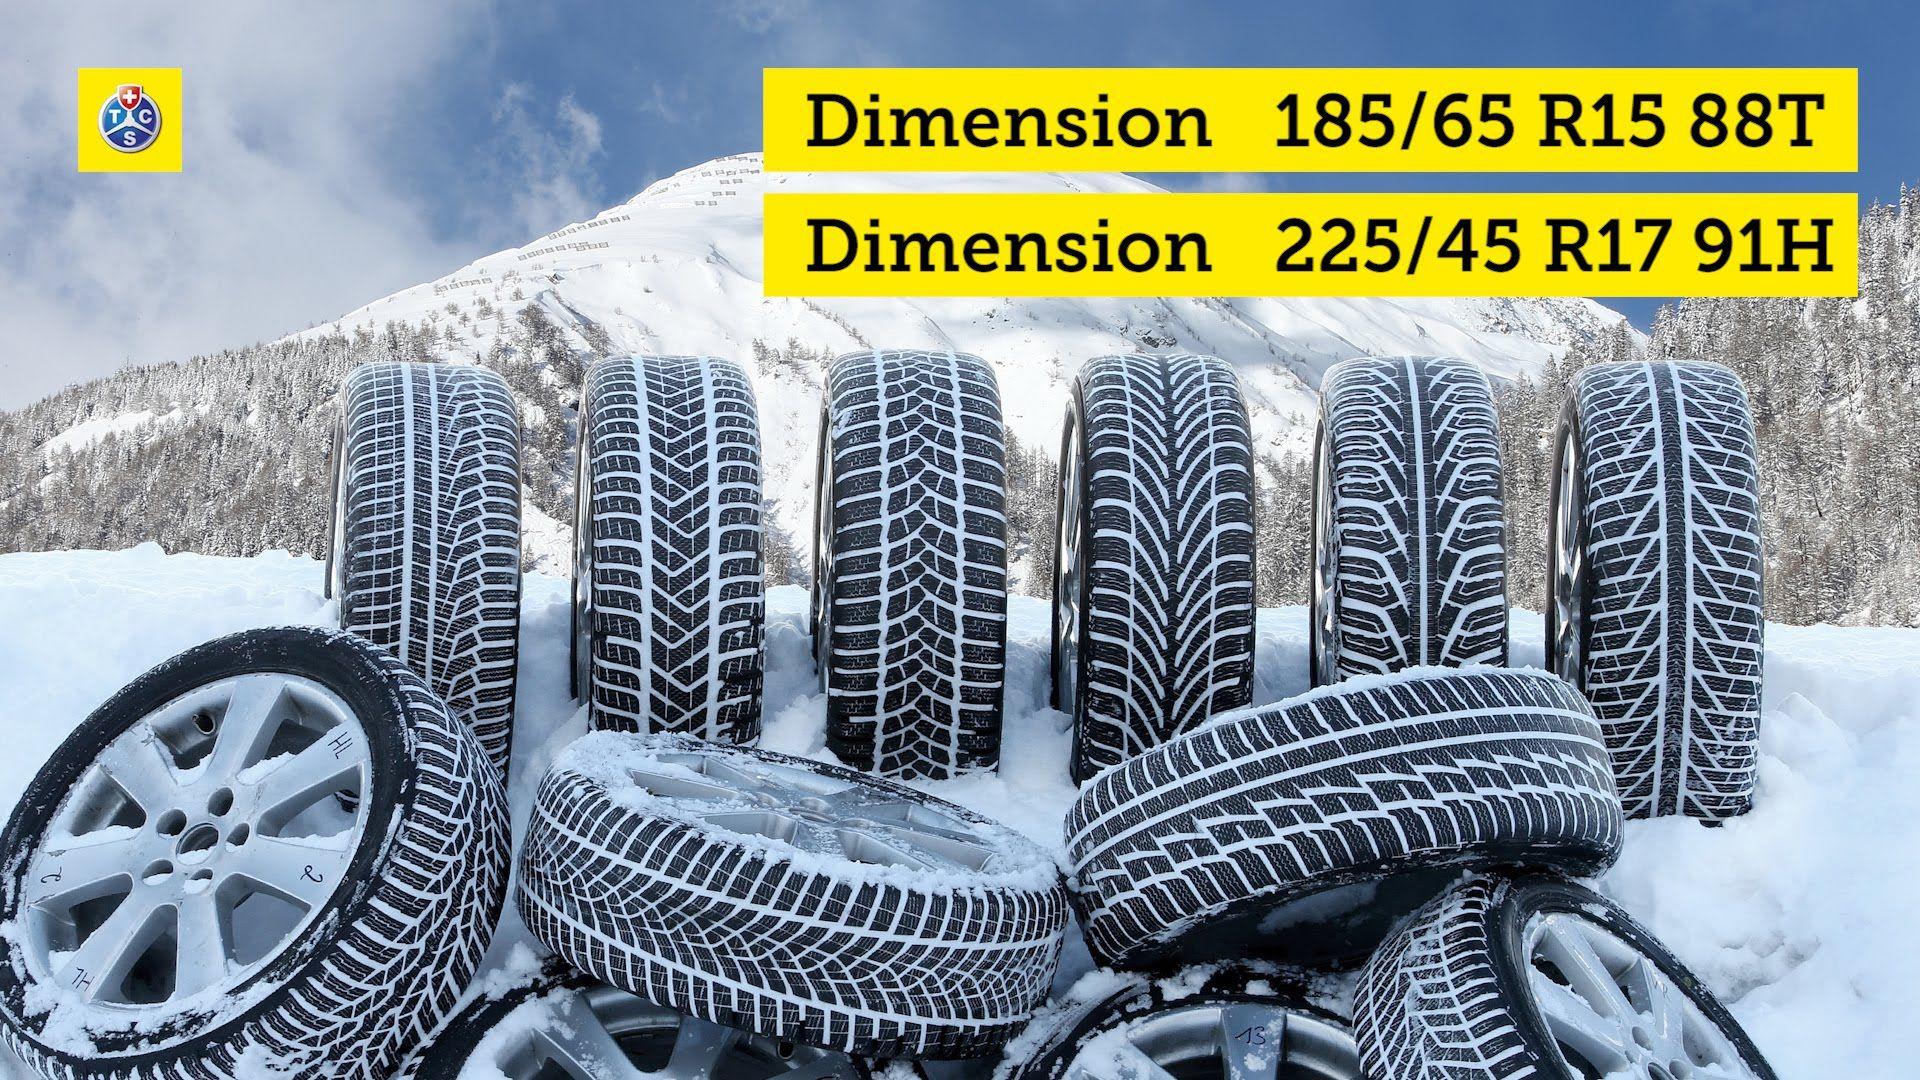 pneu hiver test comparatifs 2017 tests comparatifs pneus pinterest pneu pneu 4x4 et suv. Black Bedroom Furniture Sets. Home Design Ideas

====

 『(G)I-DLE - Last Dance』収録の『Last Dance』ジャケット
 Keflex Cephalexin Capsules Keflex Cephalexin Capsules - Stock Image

====

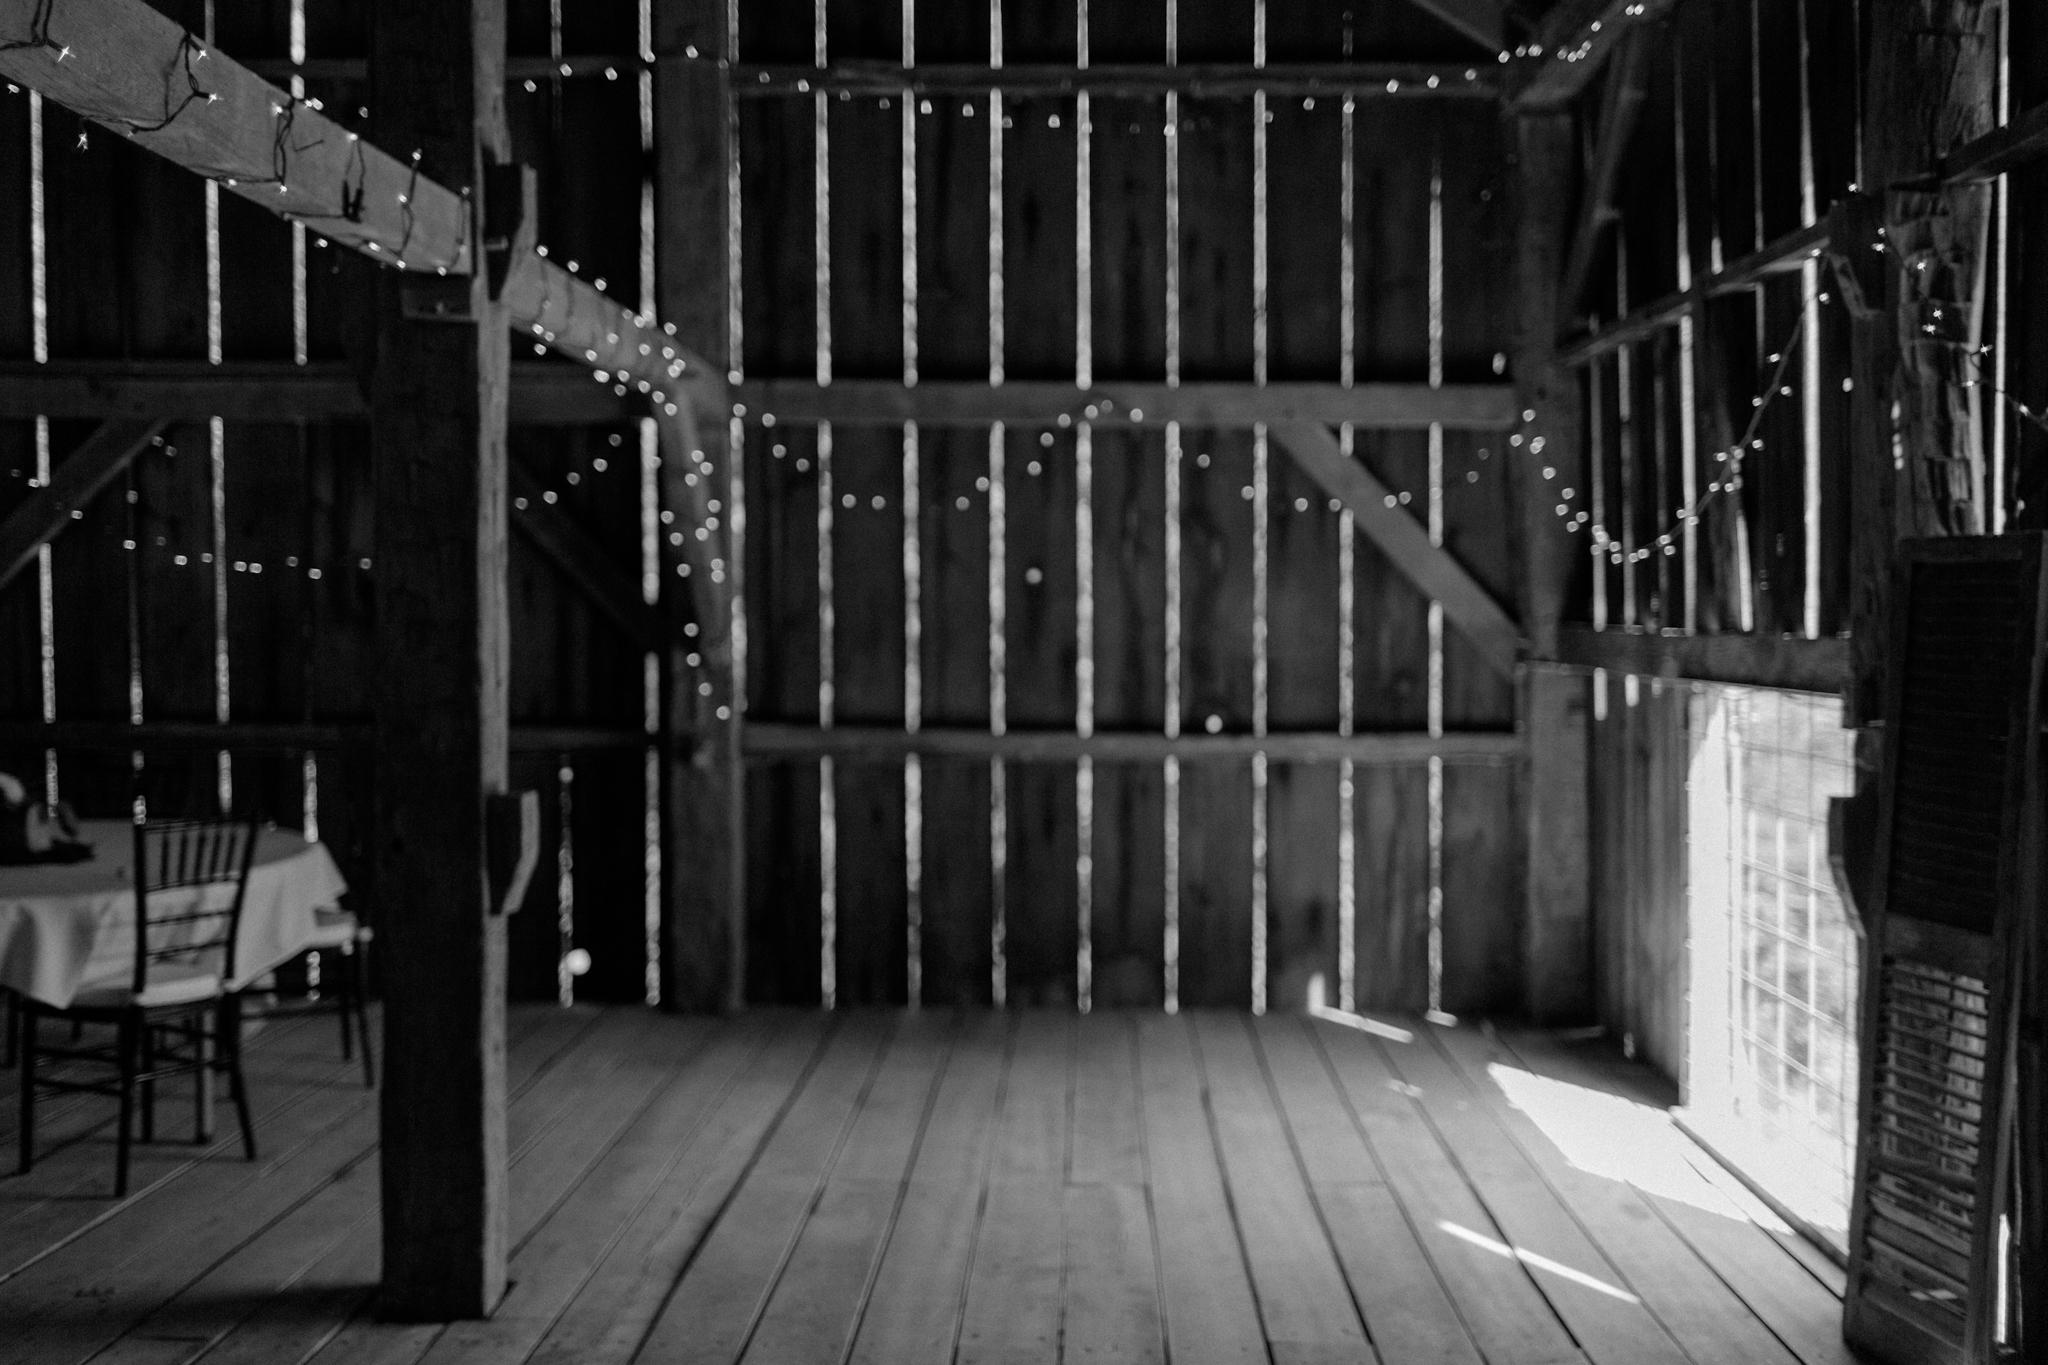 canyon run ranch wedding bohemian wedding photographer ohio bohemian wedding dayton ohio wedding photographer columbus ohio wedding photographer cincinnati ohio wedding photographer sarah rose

====

> _WHAT YOU HAVE TO DO_
Copy out only the lines of the records above from the one with "Last Dance』収録の『Last Dance』ジャケット" through the one with "Keflex Cephalexin Capsules Keflex", exactly as they stand, both included.

> _PROBLEM SOLUTION_
 『(G)I-DLE - Last Dance』収録の『Last Dance』ジャケット
 Keflex Cephalexin Capsules Keflex Cephalexin Capsules - Stock Image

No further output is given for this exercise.